Checklist for Sight-Reading

  • Count the beats out loud (including the &).
  • Keep going (even if you make a mistake).
  • Maintain your best playing posture.
  • Look at the score, not your hands.
  • Play with the feel of the meter.
  • Play patterns instead of individual notes (AKA chunk).
  • Cultivate a calm demeanor.
  • Have fun!

Let’s Play Rhythms

Attitude Tip

Don’t think; feel! It is like a finger pointing away to the moon. Don’t concentrate on the finger or you will miss all that heavenly glory. –Bruce Lee in Enter the Dragon

Exercise 12.1: Score

Exercise 12.1: Audio

Exercise 12.2: Score

Exercise 12.2: Audio

Exercise 12.3: Score

Exercise 12.3: Audio

Exercise 12.4: Score

Exercise 12.4: Audio 

Let’s Play Patterns

Attitude Tip

Treat every moment as your last. It is not preparation for something else. –Shunryu Suzuki

Remember, Roman numerals represent string numbers.

Exercise 12.5: Score

Exercise 12.5: Audio 

In the next exercise the ‘simile‘ in measure 3 directs you to continue accenting in the manner of measures 1 and 2.

Exercise 12.6: Score

Exercise 12.6: Audio

Exercise 12.7: Score

Exercise 12.7: Audio

Let’s Play Duets

Attitude Tip

When I let go of what I am, I become what I might be. ­–Lao Tzu

Exercise 12.8: Score

Exercise 12.8: Audio

Let’s Play Compositions

Note: These compositions are licensed under the Creative Commons Attribution-NonCommercial 4.0 International license  (CC BY-NC 4.0).

Attitude Tip

A ship in harbor is safe, but that is not what ships were built for. –John A. Shedd

The piece Texas  provides two sight-reading opportunities.  I suggest you sight-read the Guitar 1 melody first and the vocal melody second.

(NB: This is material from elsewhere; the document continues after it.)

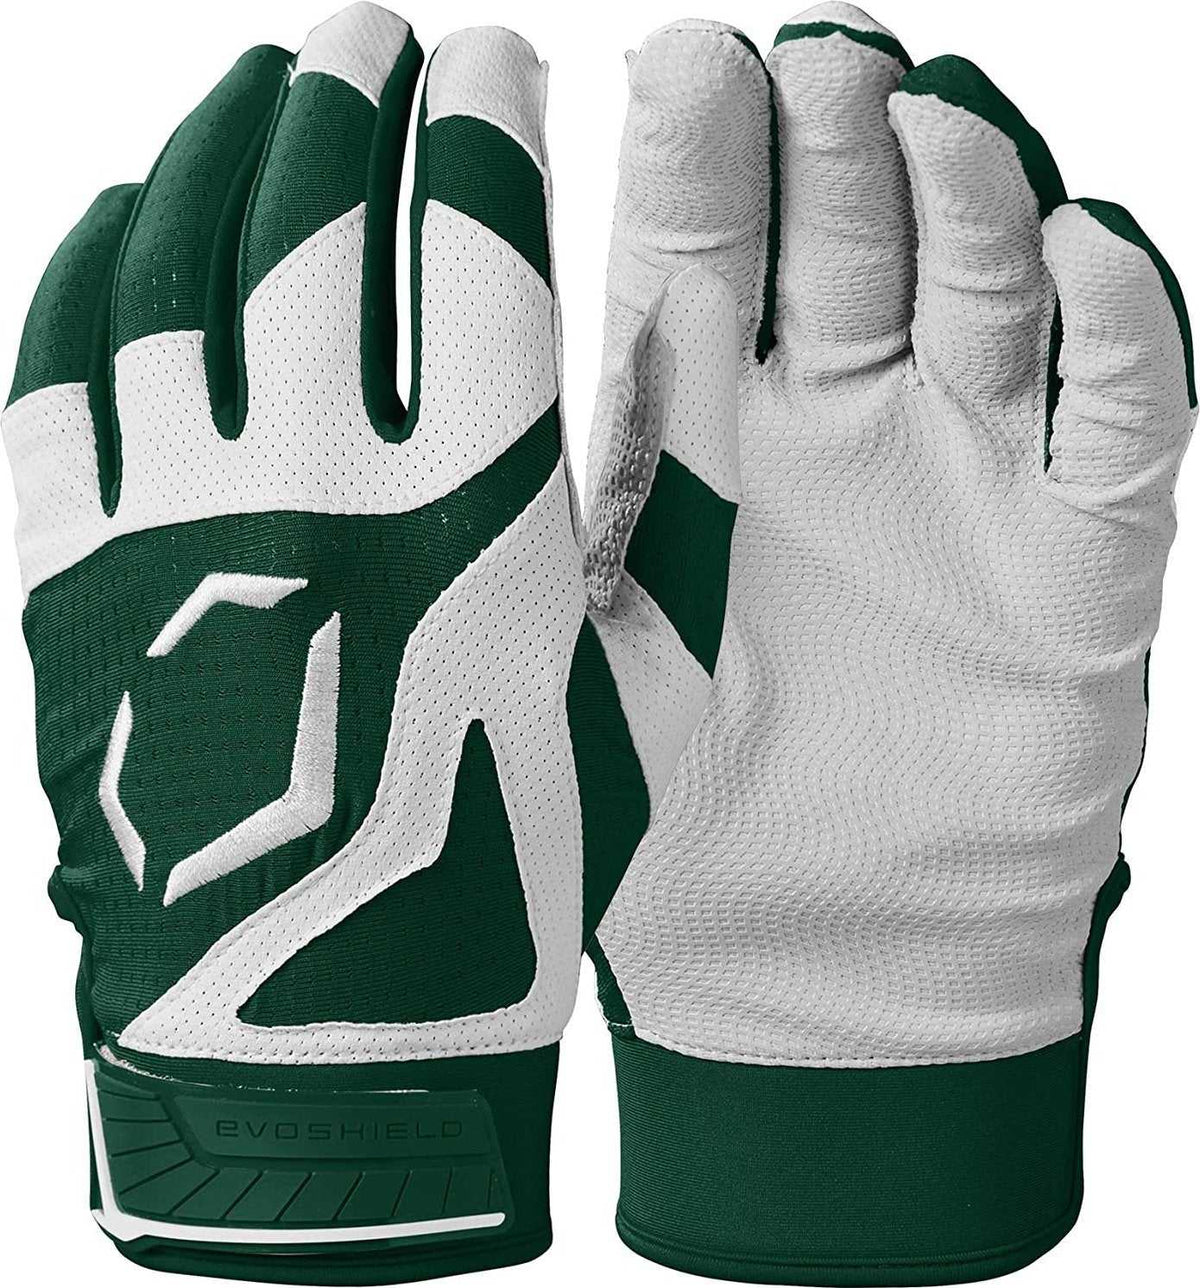 EvoShield Youth SRZ-1 Batting Gloves - Dark Green - HIT A Double

Texas by Brandon Mayer: Score

Texas: Audio

Melpomene by Paweł Kuźma: Score

Melpomene: Audio


You have completed this unit! If you kept up with the beat and accurately played approximately 70% of the pitches and rhythms, you are ready for the next unit. Feel free to repeat the exercises. However, do not play them so often that you memorize them. Once you memorize the notation, you are no longer developing the skill of sight-reading.